Forse la cosa più potente di queste tendenze è che tutti rinforzano l’un l’altro. Piu’ la popolazione  cresce, più diventa veloce. Generando più idee e più ricchezza, che attira più persone – in particolare i giovani, le persone ambiziose che sono attratte dalla capitale in cerca di visibilita’, di spazi creativi.

Londra funziona anche grazie all’effetto dell’agglomerazione – se metti molte persone in uno spazio piccolo, con progetto di investimento, saranno a) stimolate e ricche di idee e b) in grado di mettere in gioco le proprie competenze e realizzarlo.

La domanda chiave è: “che conseguenze si avranno grazie a tutta questa accelerazione?”. Ormai siamo tutti schiavi del cellulare e dei mille usi che ne facciamo. Siamo tutti un po’ stressati dai carichi di lavoro giornaliero. Ripetuti studi poi dimostrano che più veloce ci muoviamo, meno compassionevoli e meno pazienti siamo.

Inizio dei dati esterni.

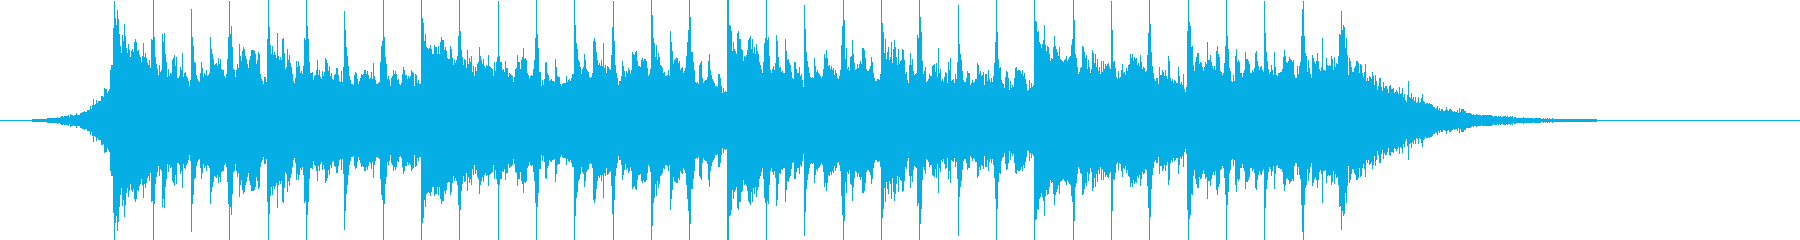 Corporate Synth 137の再生済みの波形

Coloro che si sentono che la loro vita lavorativa si sta muovendo troppo velocemente tendono ad essere meno sani e sicuri. Quindi questa accelerazione ci porta verso il basso? In parte si, la gente di Londra e’ più ansiosa di altri. Ma questo è in parte dovuto ad altri fattori, come ad esempio gli effetti del pendolarismo. La velocità in sé pero’ non è correlata con l’infelicita’: infatti, secondo gli scienziati coloro che vivono più veloci sono generalmente più felici – proprio come i camminatori più veloci tendono ad essere più sani. Allo stesso modo, provare cose nuove effettivamente fa aumentare la soddisfazione di vita delle persone, il cervello produce dopamina come ricompensa quando ci si trova di fronte a qualcosa di inaspettato.

Londra, in altre parole, non è solo una città: è una macchina costruita per accelerare la vita. E questo processo – che stimola, che accelera, che fa nascere nuove idee e porta a nuove esperienze – è ciò che rende la capitale britannica unica.